The WAL archive directory must be different from the
active WAL directory.  Check if that's your problem!

Yours,
Laurenz Albe


Re: WAL recovery failure

От
Rick Dicaire
Дата:
On Wed, Sep 26, 2012 at 5:21 AM, Albe Laurenz <laurenz.albe@wien.gv.at> wrote:
> But according to what you wrote before you start the server
> with -D /staging/9.1/main.
> That means that /staging/9.1/main/pg_xlog contains the active
> WAL files, right?
>
> So the restore_command 'cp /staging/9.1/main/pg_xlog/%f "%p"'
> would just try to cp the files onto themselves, right?
>
> The WAL archive directory must be different from the
> active WAL directory.  Check if that's your problem!
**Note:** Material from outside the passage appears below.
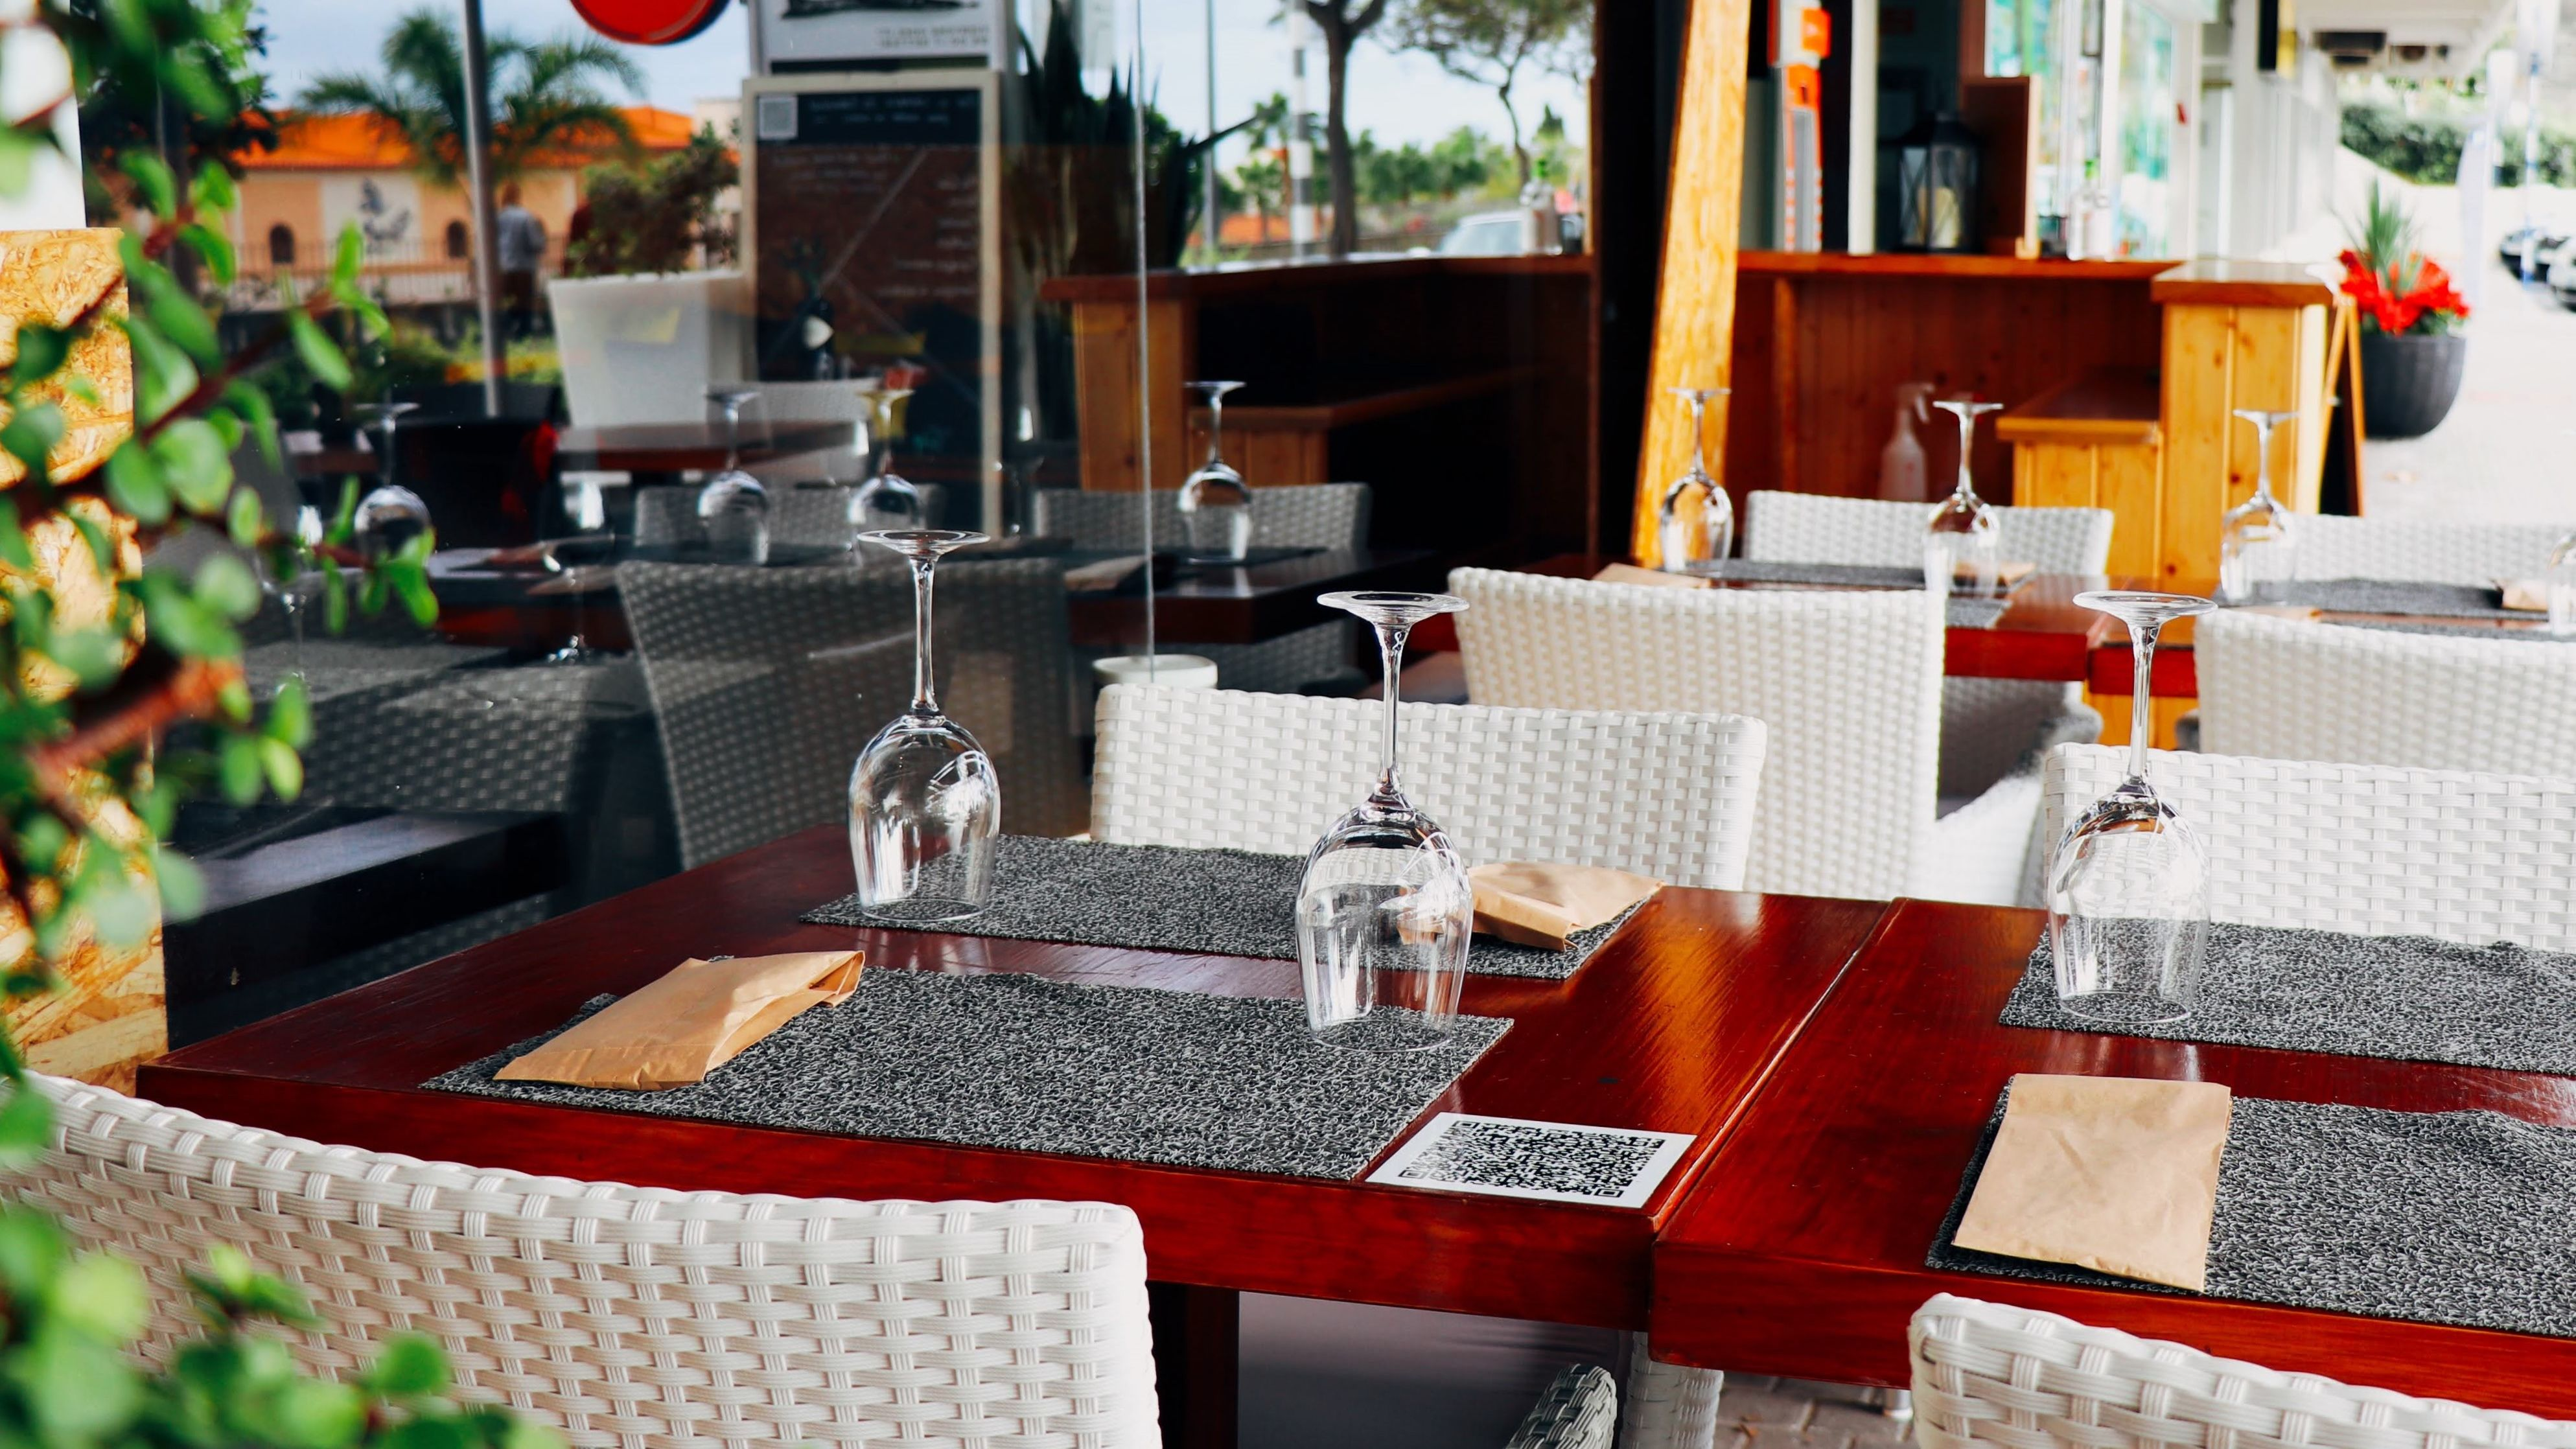 IlhaKaffé - Tap Room & Dining
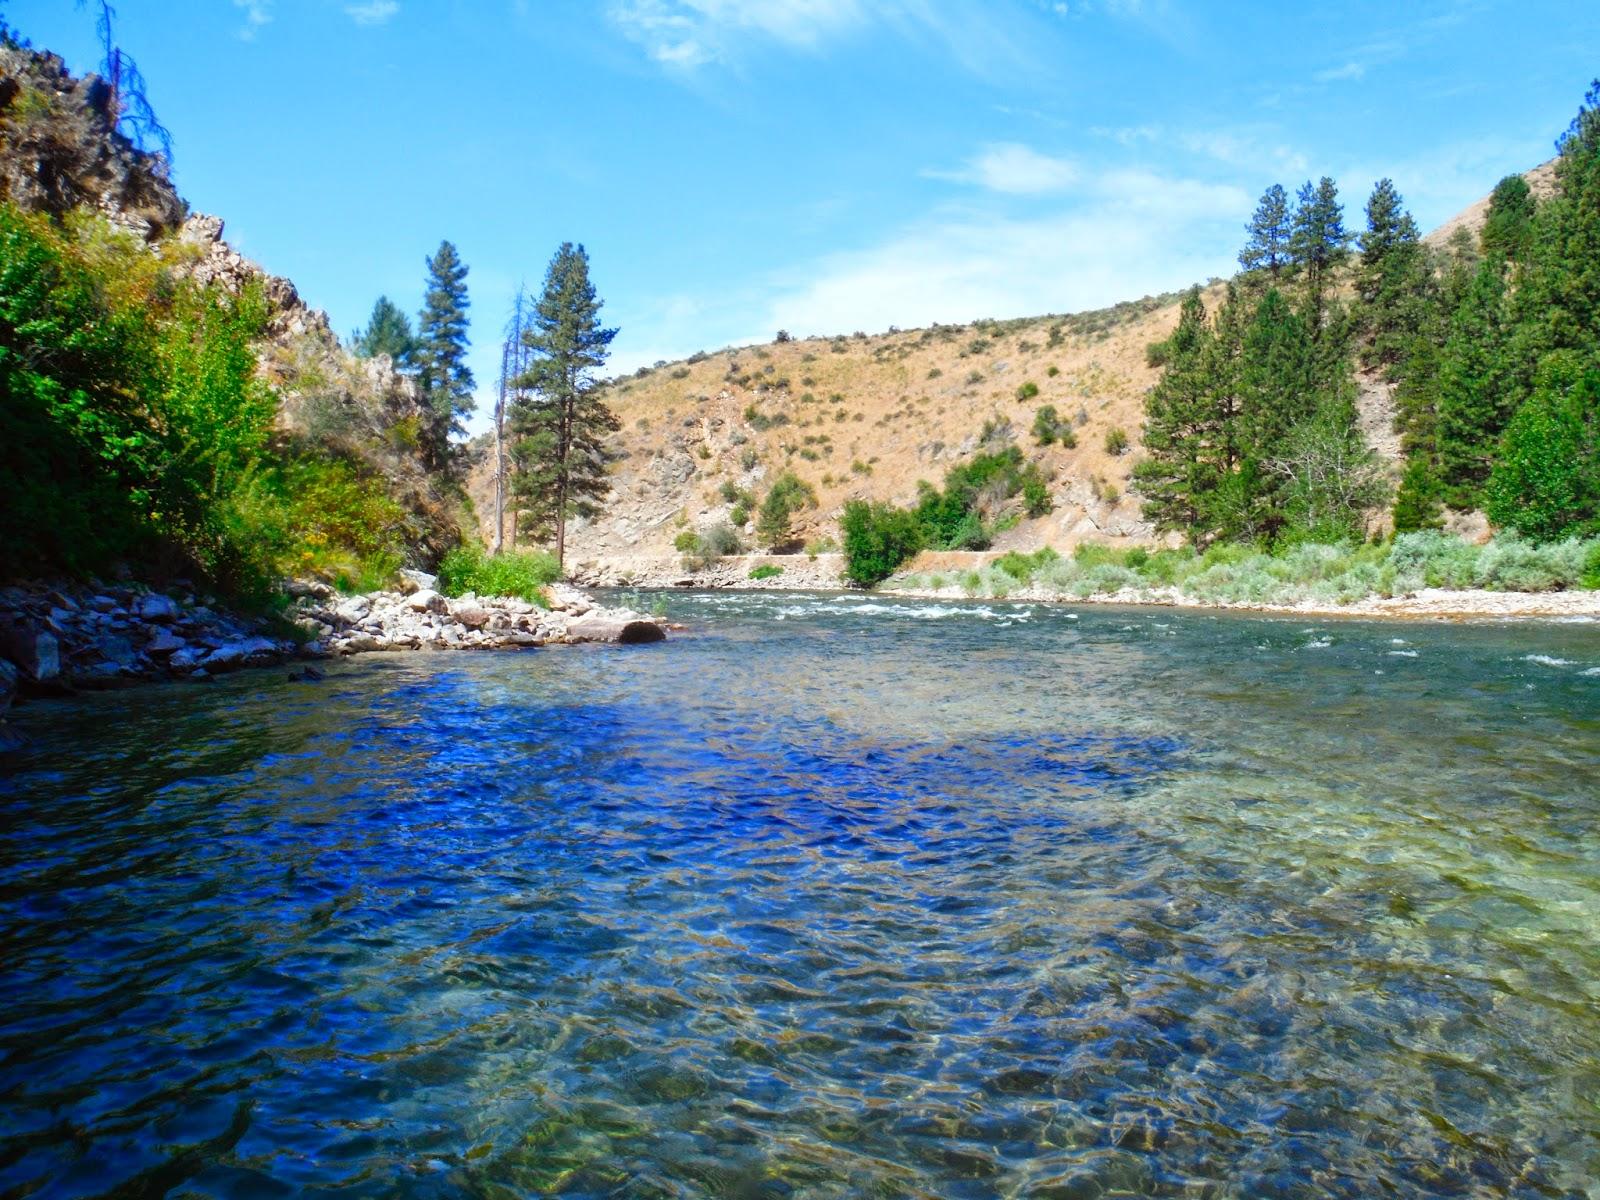 Erik s fly fishing blog july 2014 for Boise river fishing

/staging/9.1/main/pg_xlog/ was a symlink to /staging/9.1/pg_xlog/,
removed the link, created
the directory, restarted postgres:

2012-09-26 06:29:20.094 CDT,,,13904,,5062e710.3650,1,,2012-09-26
06:29:20 CDT,,0,LOG,00000,"database system was interrupted while in
recovery at log time 2012-09-25 09:33:28 CDT",,"If this has occurred
more than once some data might be corrupted and you might need to
choose an earlier recovery target.",,,,,,,""
2012-09-26 06:29:20.094 CDT,,,13904,,5062e710.3650,2,,2012-09-26
06:29:20 CDT,,0,LOG,00000,"creating missing WAL directory
""pg_xlog/archive_status""",,,,,,,,,""
2012-09-26 06:29:20.117 CDT,,,13904,,5062e710.3650,3,,2012-09-26
06:29:20 CDT,,0,LOG,00000,"starting archive recovery",,,,,,,,,""
2012-09-26 06:29:20.361 CDT,,,13904,,5062e710.3650,4,,2012-09-26
06:29:20 CDT,,0,LOG,00000,"restored log file
""000000010000074D000000EE"" from archive",,,,,,,,,""
2012-09-26 06:29:20.498 CDT,,,13904,,5062e710.3650,5,,2012-09-26
06:29:20 CDT,,0,LOG,00000,"restored log file
""000000010000074D000000E2"" from archive",,,,,,,,,""
2012-09-26 06:29:20.498 CDT,,,13904,,5062e710.3650,6,,2012-09-26
06:29:20 CDT,,0,PANIC,XX000,"unexpected pageaddr 74D/7C000000 in log
file 1869, segment 226, offset 0",,,,,,,,,""
2012-09-26 06:29:20.499 CDT,,,13902,,5062e70f.364e,1,,2012-09-26
06:29:19 CDT,,0,LOG,00000,"startup process (PID 13904) was terminated
by signal 6: Aborted",,,,,,,,,""
2012-09-26 06:29:20.499 CDT,,,13902,,5062e70f.364e,2,,2012-09-26
06:29:19 CDT,,0,LOG,00000,"terminating any other active server
processes",,,,,,,,,""

Two WAL files are read in, choking on the third. Is it a corrupt WAL file?